• _EXERCISE DETAILS_:
Nothing outside the lines below from the one containing "TIE NECK LONG SLEEVE BLOUSE IN LILAC" through the one containing "clipart of human resources - photo #15" is to be printed; print those exactly, ends included, and drop the pictures.
SUPPLIED DATA below:
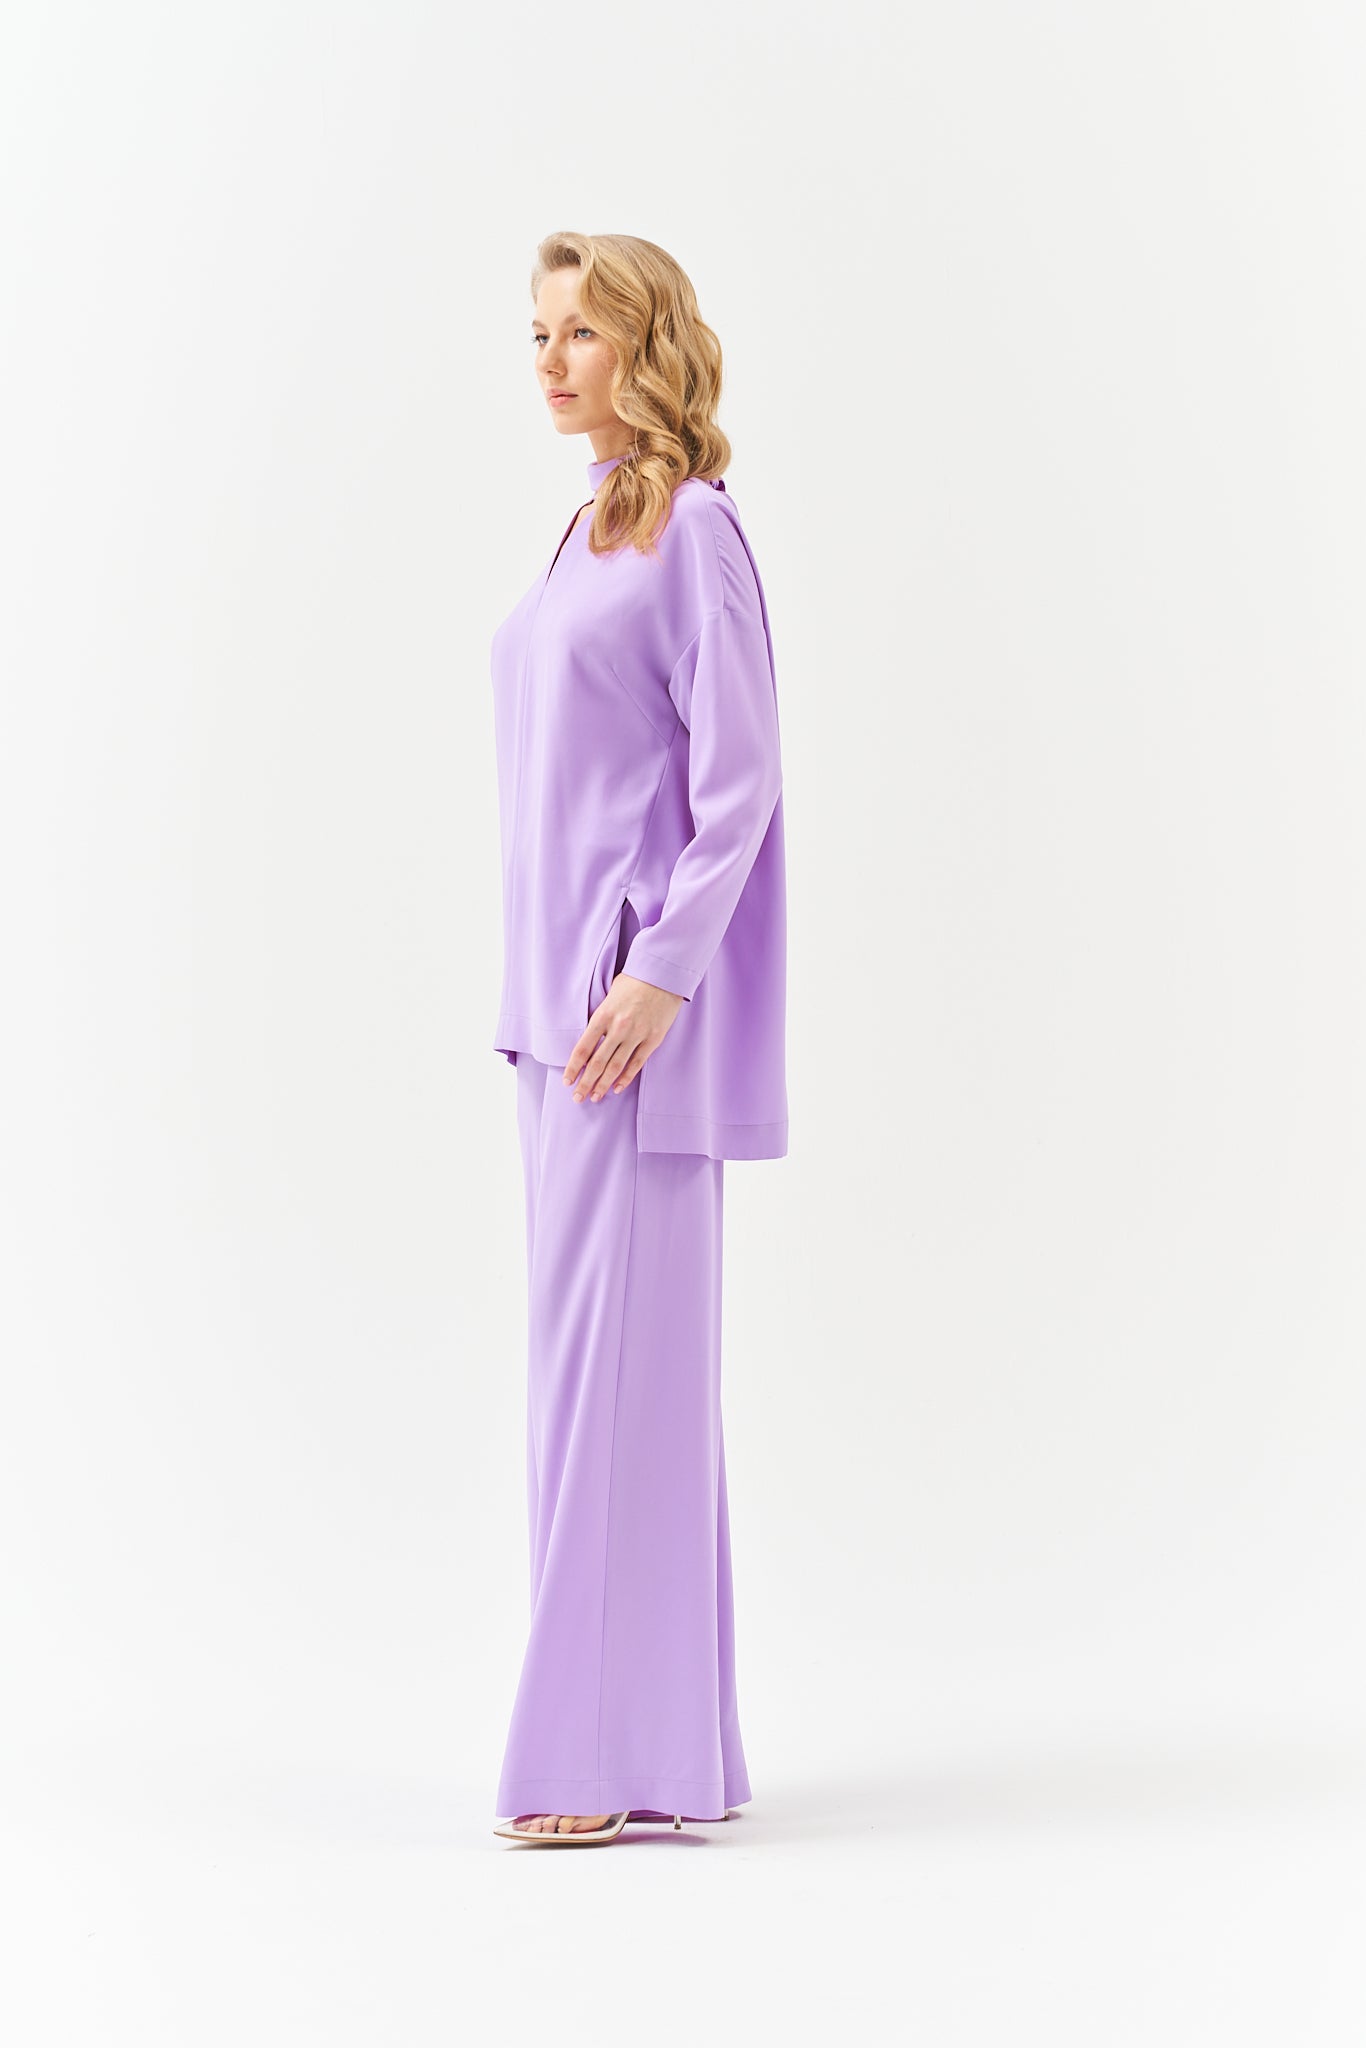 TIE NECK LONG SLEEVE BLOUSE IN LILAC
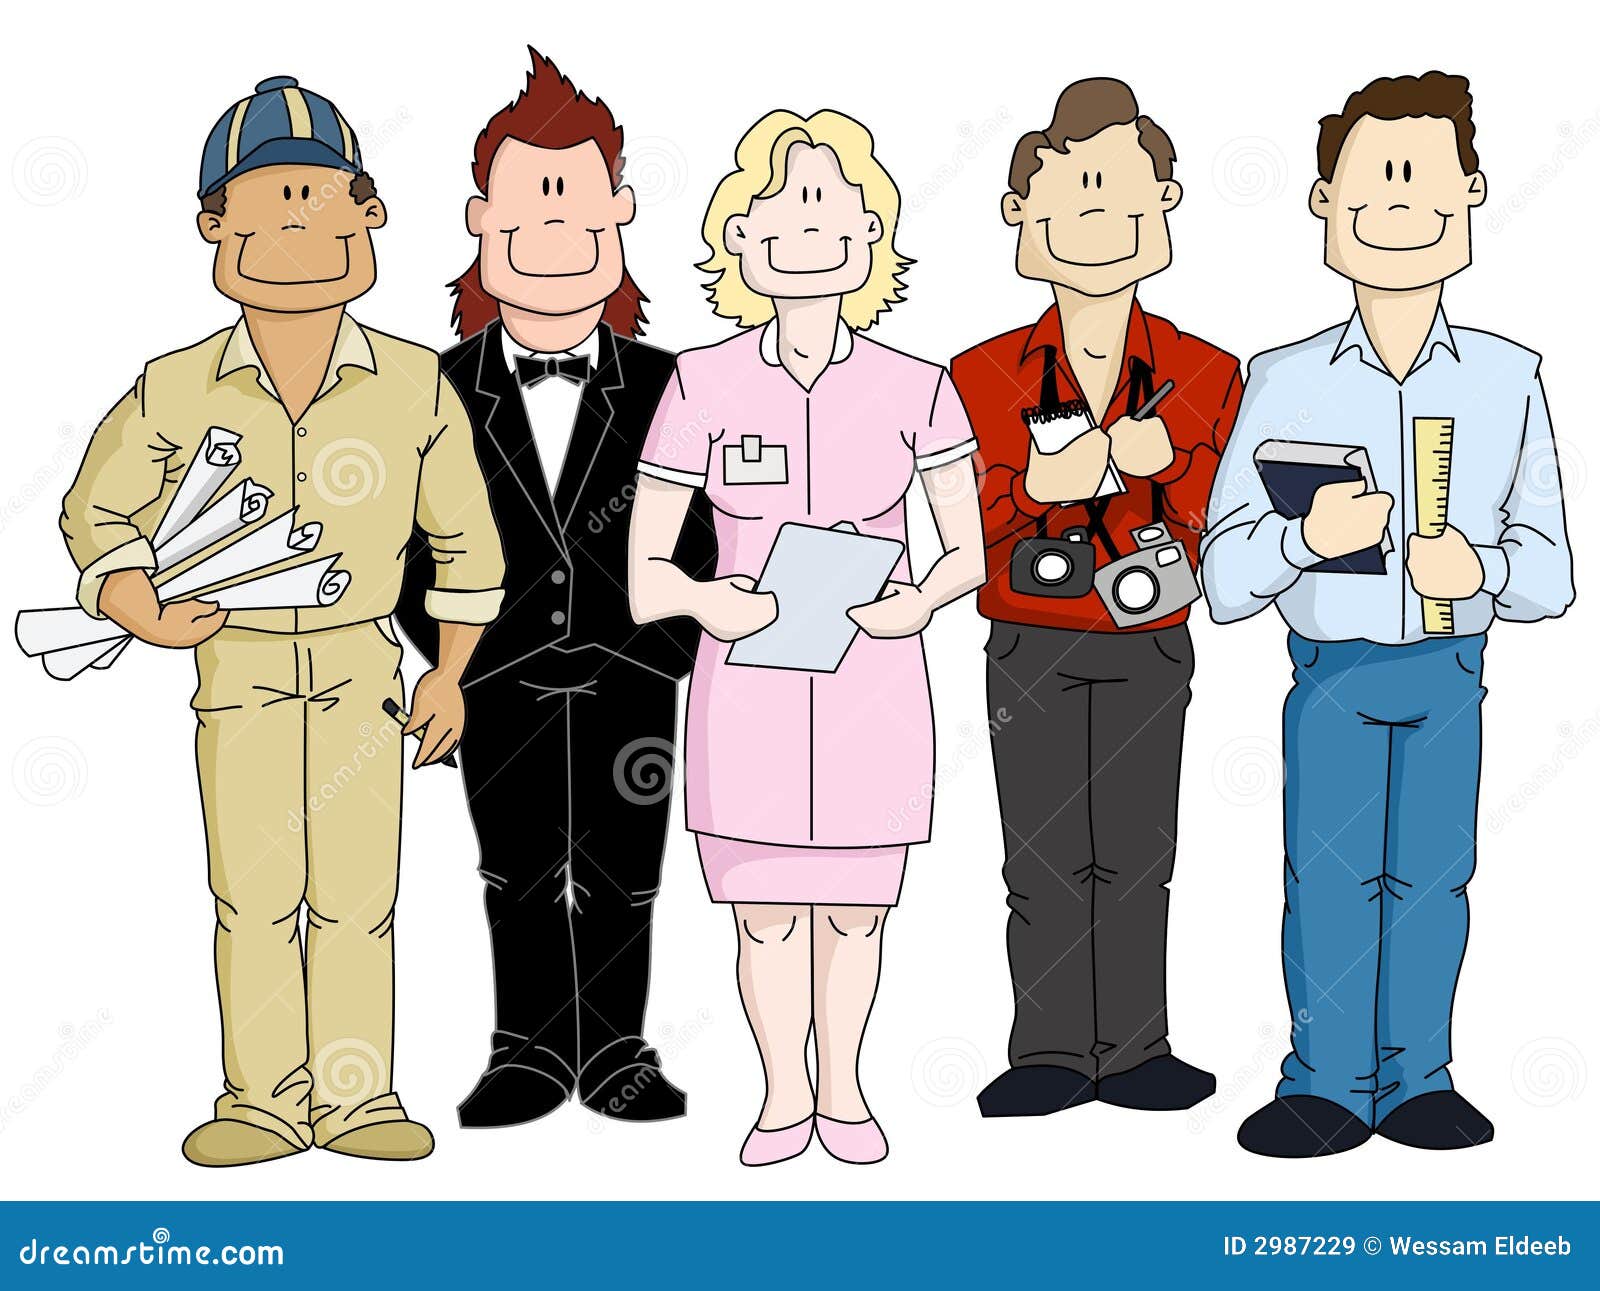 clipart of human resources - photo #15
End of SUPPLIED DATA.
SUPPLIED DATA below:
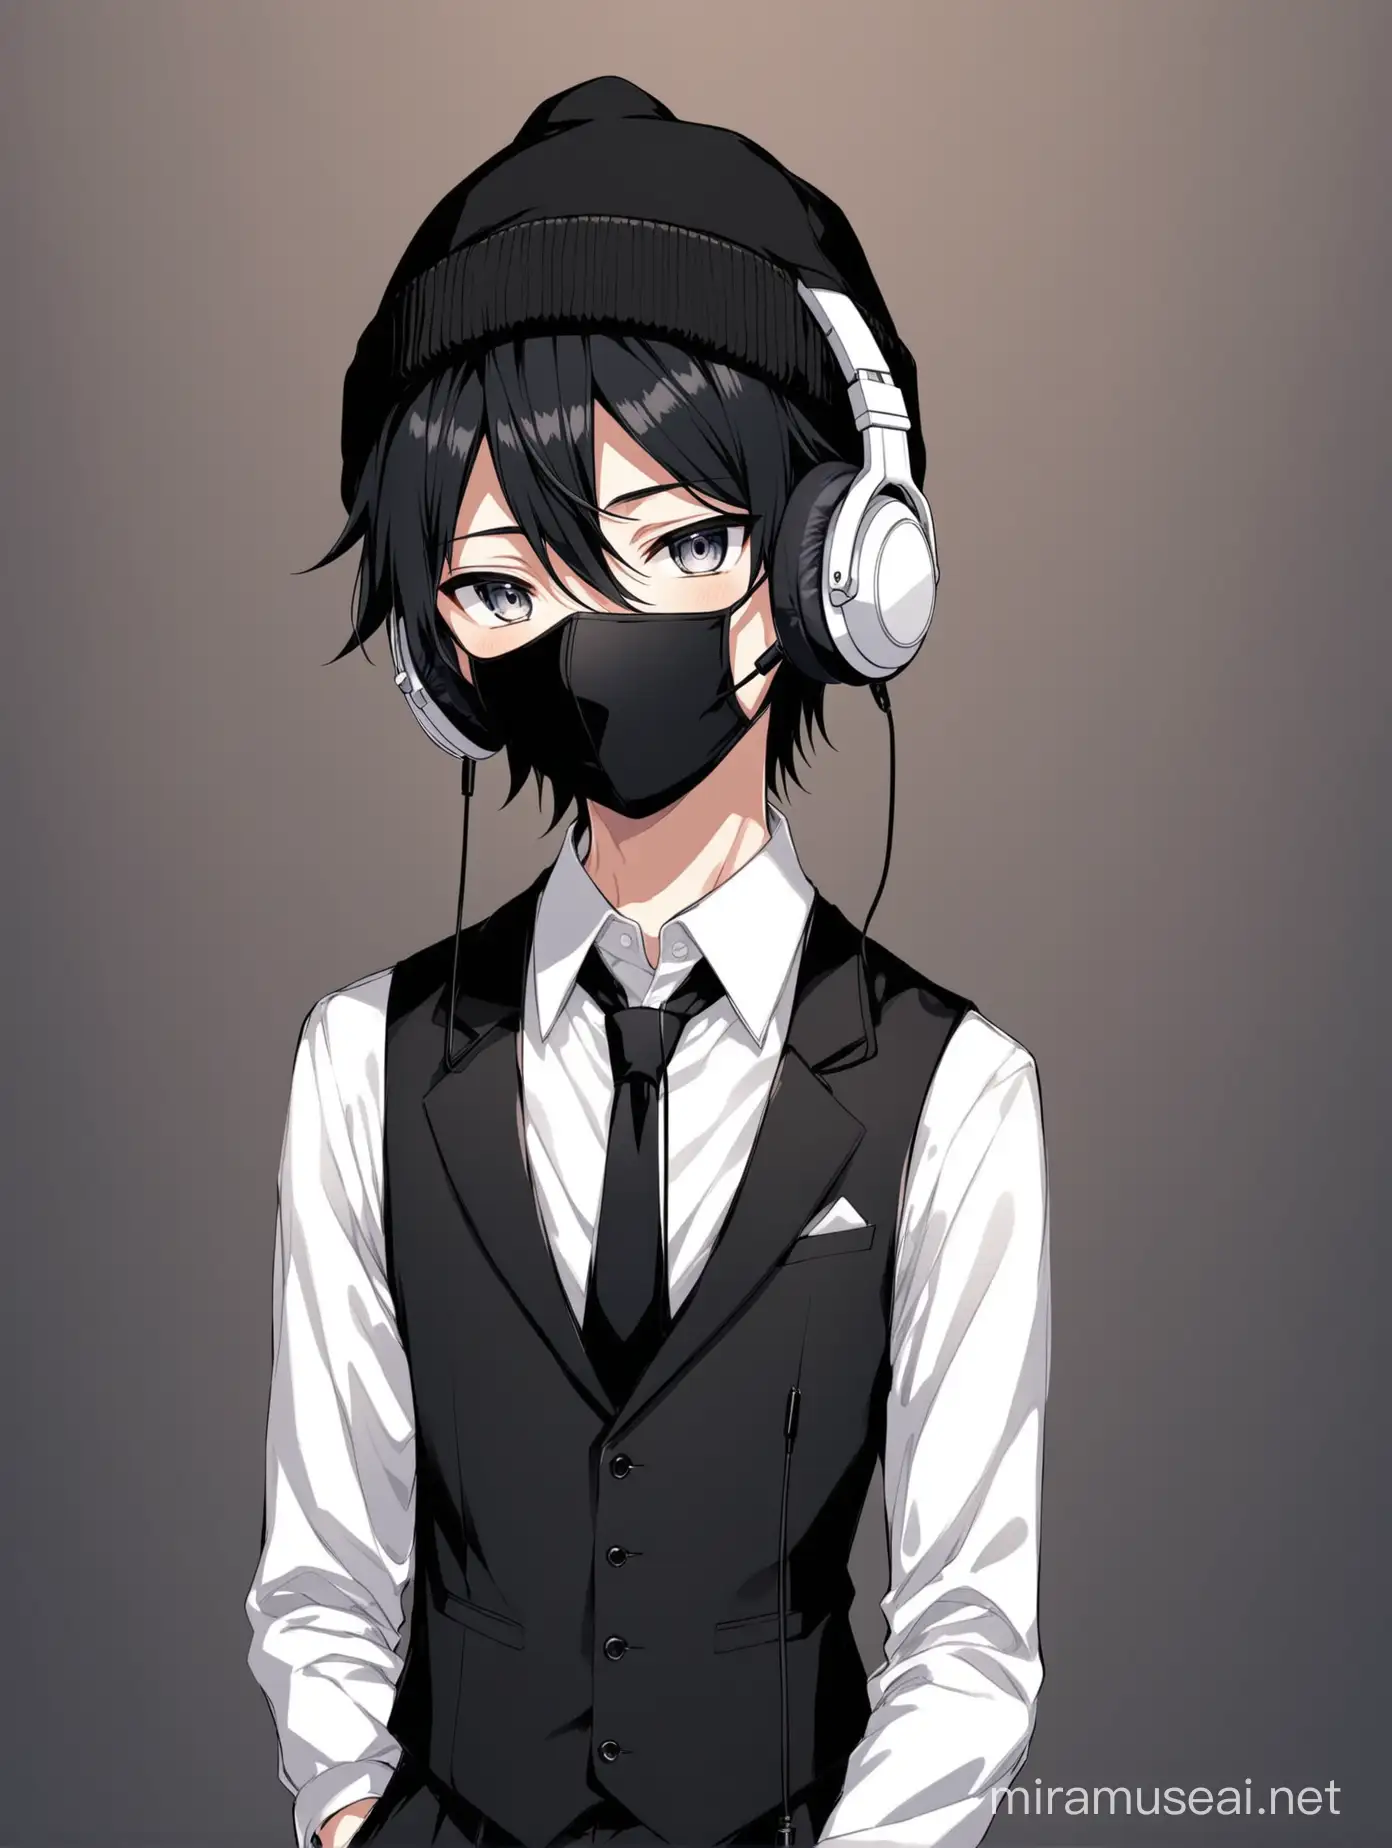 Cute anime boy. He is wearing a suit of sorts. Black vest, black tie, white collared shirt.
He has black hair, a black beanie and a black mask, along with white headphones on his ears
End of SUPPLIED DATA.
SUPPLIED DATA below:
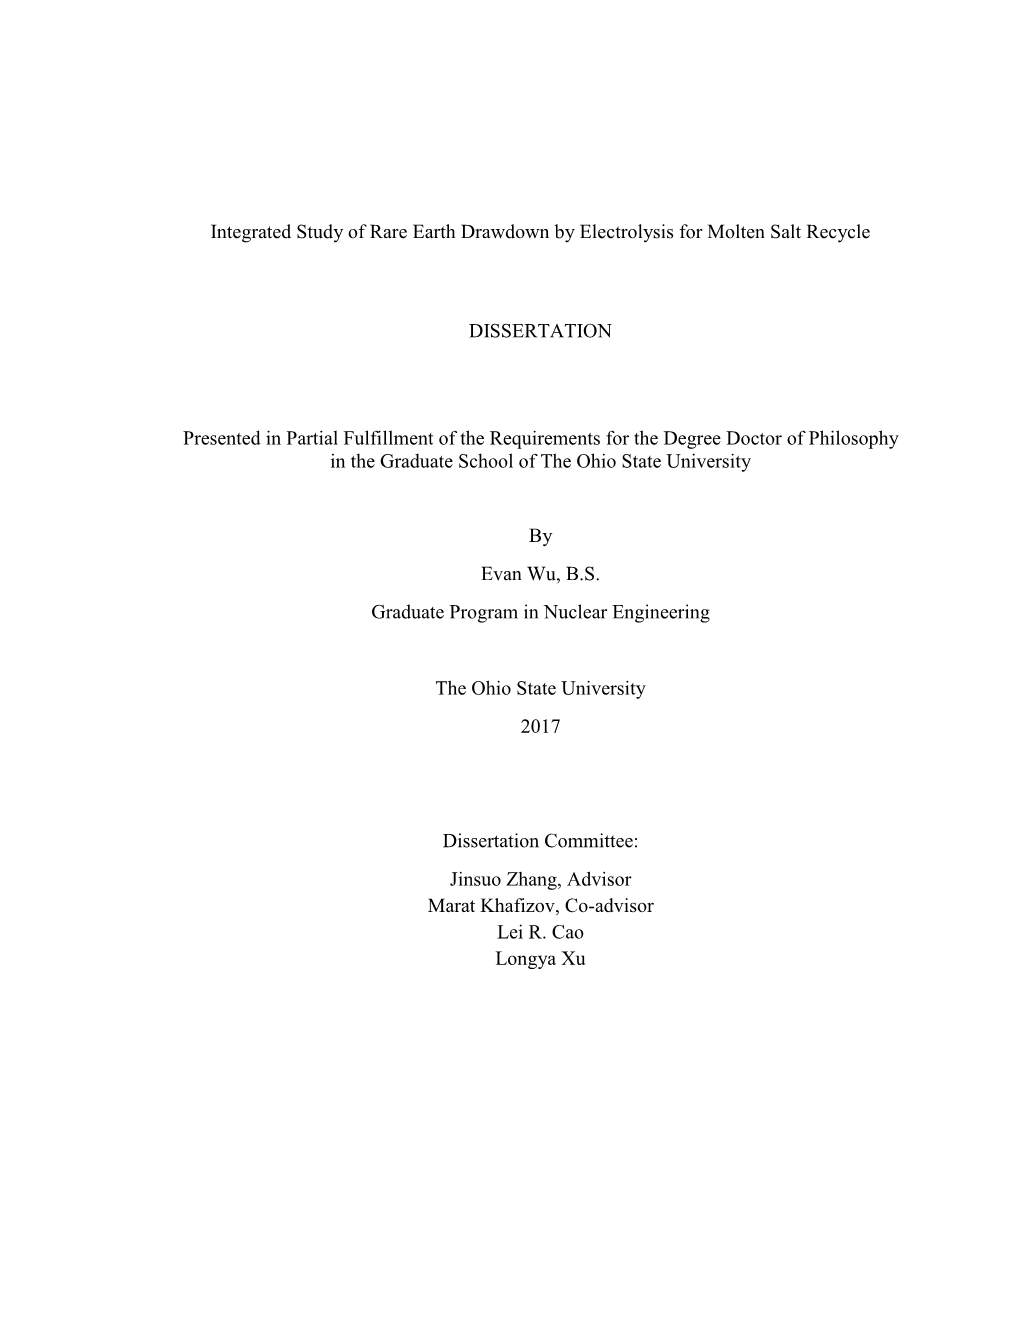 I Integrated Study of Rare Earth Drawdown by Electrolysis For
End of SUPPLIED DATA.
• _EXERCISE RESPONSE_:
 TIE NECK LONG SLEEVE BLOUSE IN LILAC
 clipart of human resources - photo #15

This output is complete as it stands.